● **TASK**:
Set the listing down exactly; no pictures.

● **GIVEN MATERIAL**:
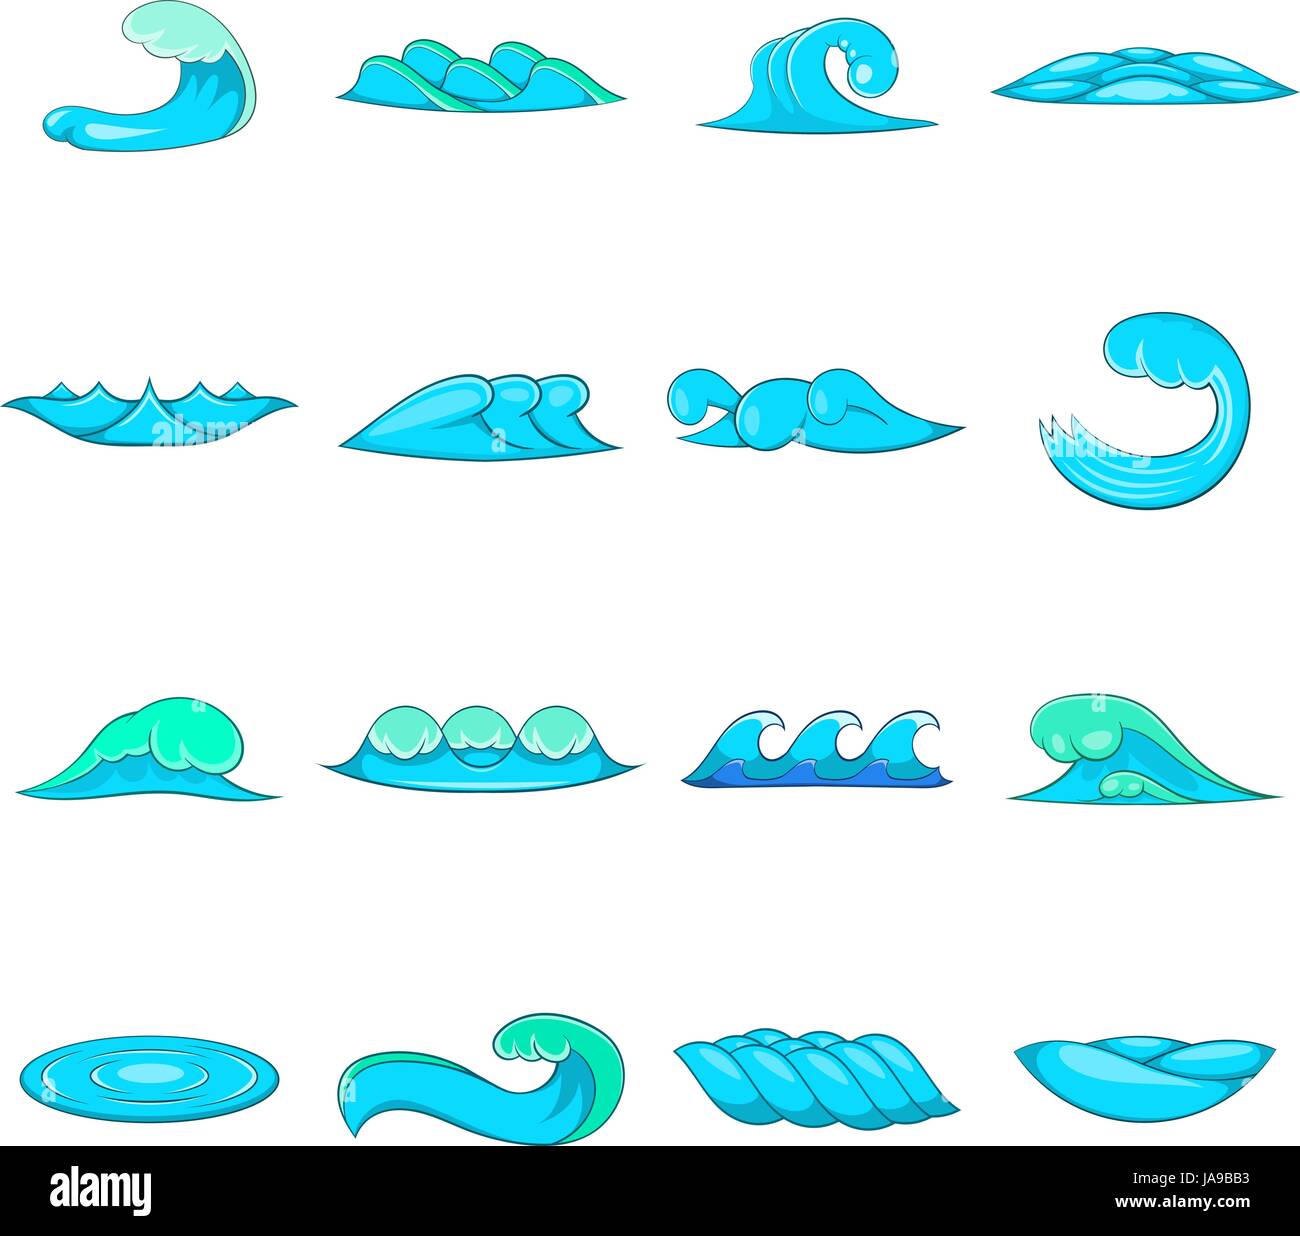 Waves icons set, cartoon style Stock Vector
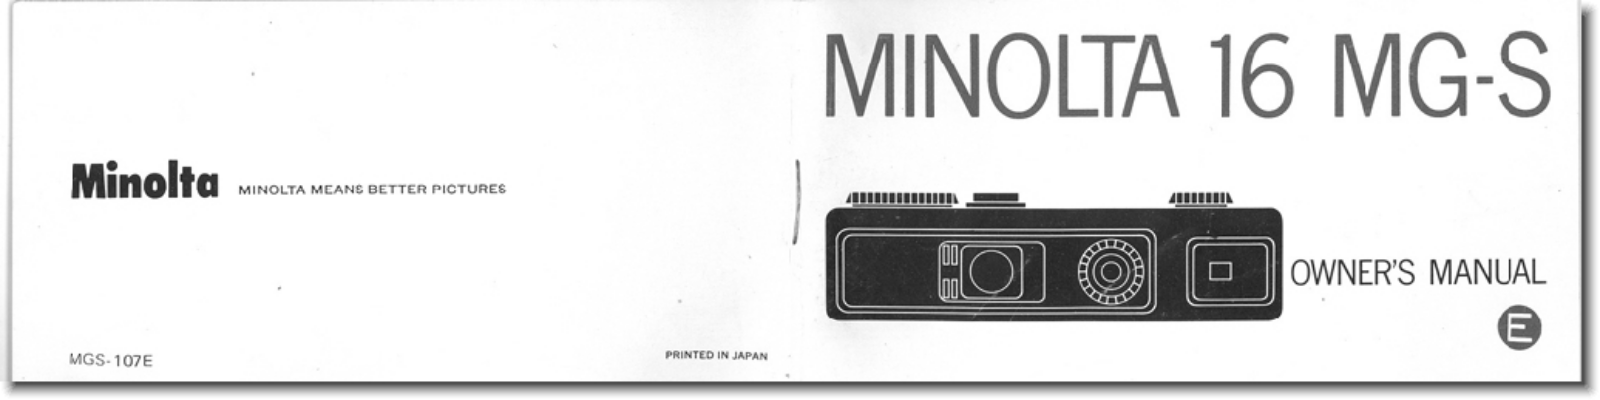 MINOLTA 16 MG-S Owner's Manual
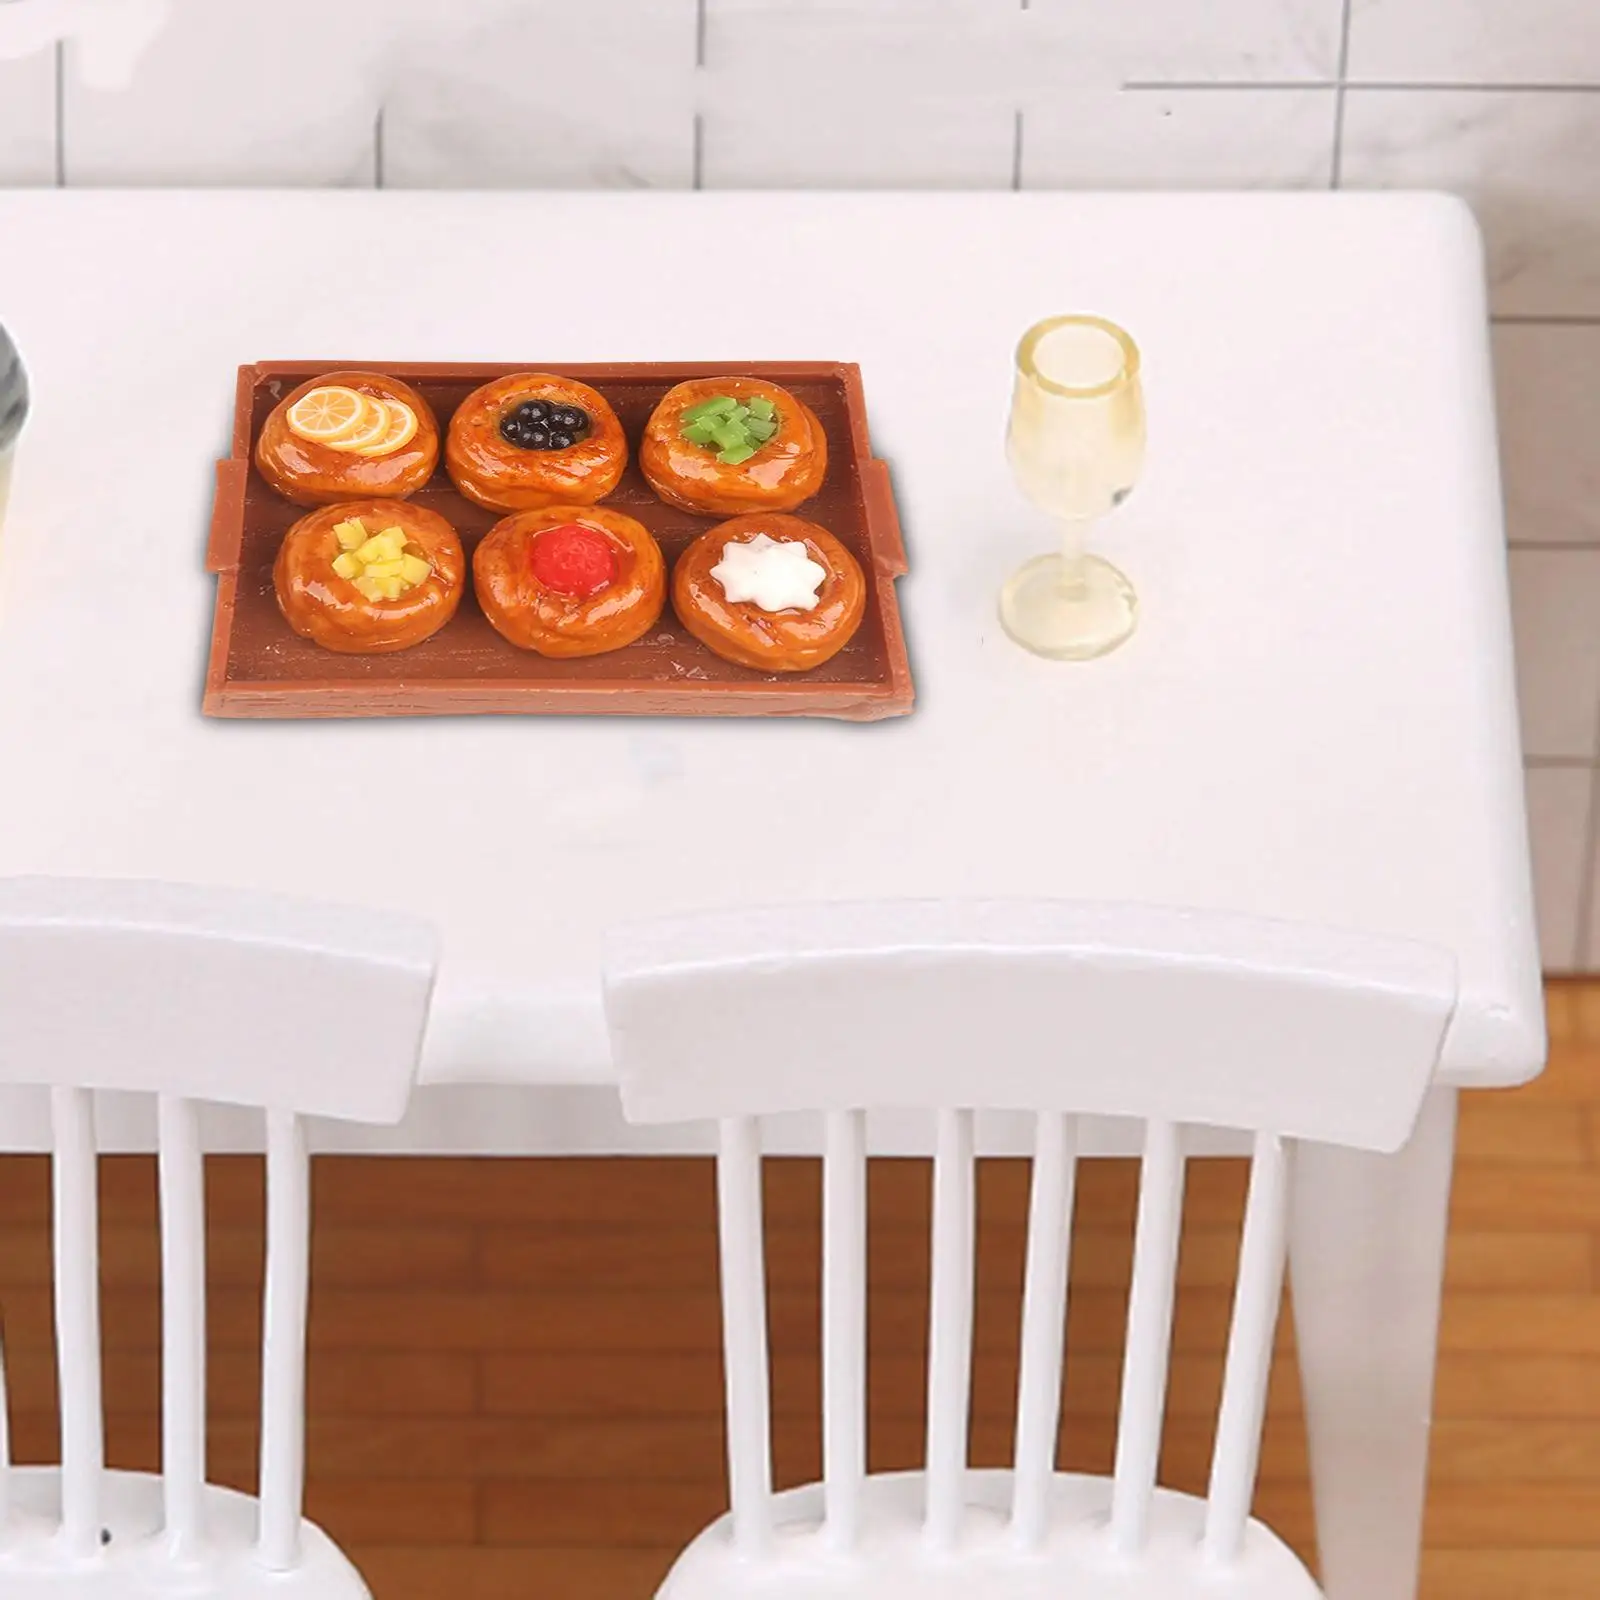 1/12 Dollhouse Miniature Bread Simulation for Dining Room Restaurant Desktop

● **YOUR RESPONSE**:
 Waves icons set, cartoon style Stock Vector
 MINOLTA 16 MG-S Owner's Manual
 1/12 Dollhouse Miniature Bread Simulation for Dining Room Restaurant Desktop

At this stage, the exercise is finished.